Beginning with preschool, this is the way people have always learned—far more than clocking classroom hours, which are more like check-in exercises to see how our book learning is progressing.  As one of our interview subjects put it, “Here I was, walking and talking with my professor about something I was reading when it suddenly hit me—this is what college was supposed to be about.”    

The faculty have another view, and it’s one they come by honestly—they want to be able to identify as sophisticates, whatever their discipline, and that calls for the traits of grading, filtering, and protecting their personal environment—consisting of faculty office,  meals, meetings, classroom, library, and yes, parking.  At more urban campus, my group was involved with design-upgrading a lab space into an art collection and faculty club.  At a busy medical school, this was the single space where collaboration across specialties could be eased into happening.  At this University, a club space would provide another kind of upgrade—to show status and support of leadership for colleagueship.  This is something praised in catalogues but barely acknowledged on the ground, in real facilities. 

Plus-It


We think that there are other tweaks and upgrades that can maximize the defined Village value – an operation outside athletics (for which the school is well recognized) – a mini-golf course right on campus.  Maybe themed to the state or the college namesake, it can provide outdoor recreation on a very accessible scale for the whole community—almost anyone, including kids, can play.  Eighteen holes provides about 90 minutes’ playing time, as a solid study-break for dating, collegial bonding, conversation (the primacy of dialog again), parents’ weekend, and even donor entertainment – Clemson University has discovered what a great investment their full-size golf course and club have been for fundraising.  Study-Break Mini-Golf can be run as a project by interns in the business school’s Sports and Recreation program. 

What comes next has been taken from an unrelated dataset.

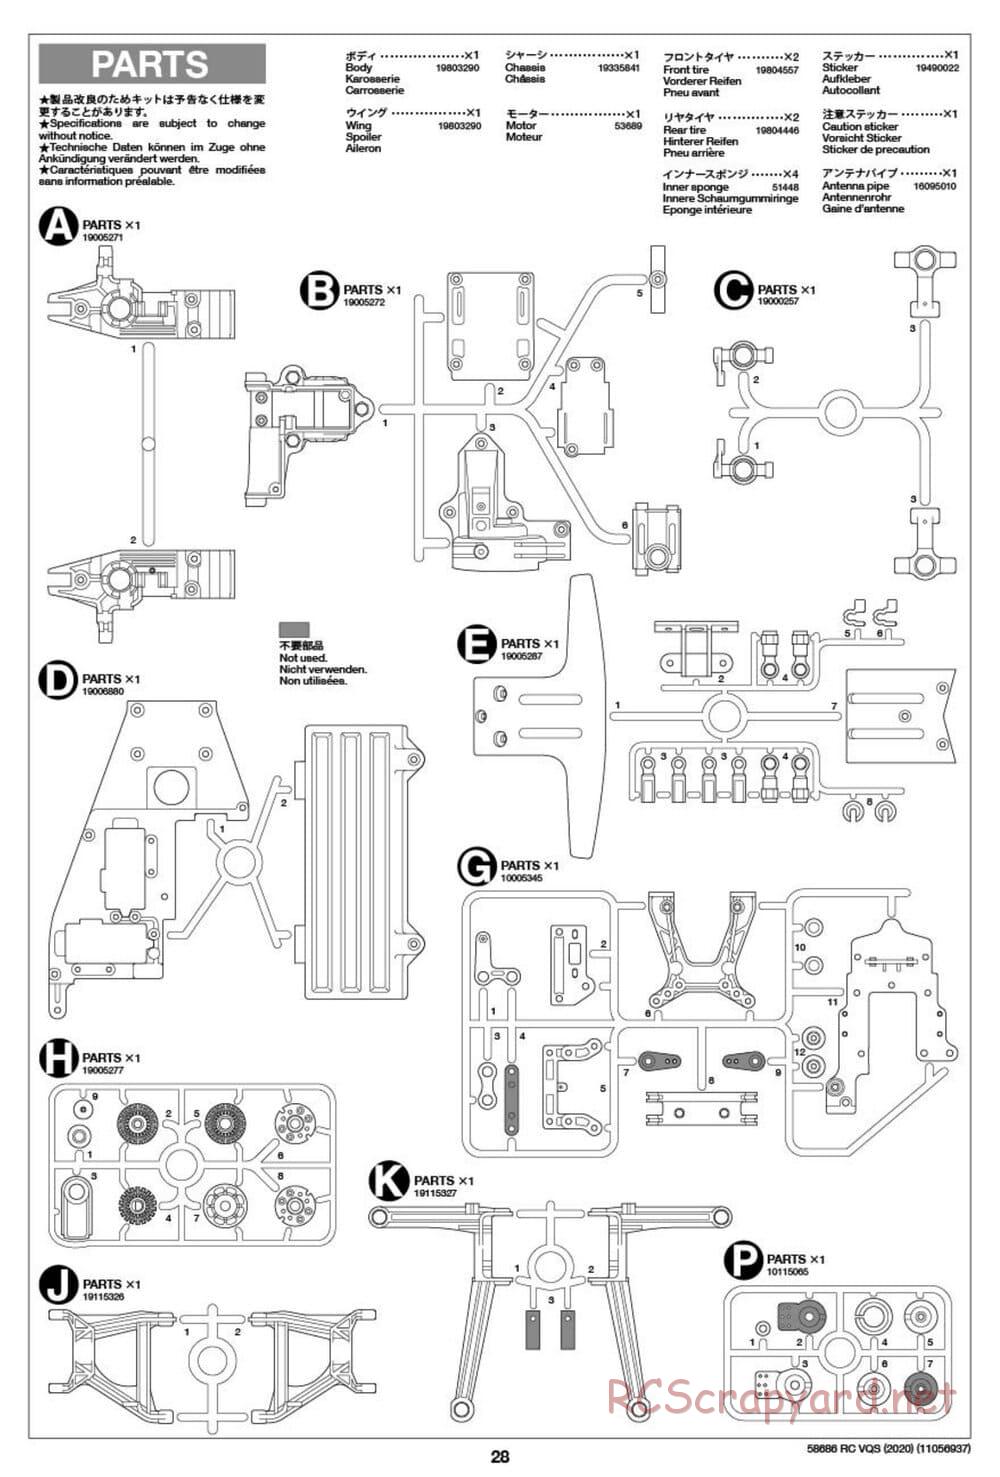 Tamiya - VQS (2020) - AV Chassis - Manual - Page 28

Just one more design question to be considered in the process of place-making.  First, find out what business you are in – then, as Walt Disney put it, “plus it,” or what the theme park ops call Enhancement.  But before you design, have a solid idea of what the design intention is, or decide what it could be.  That’s the cultural piece, and it’s the basis, conscious or not, of every place that performs to or even above expectations.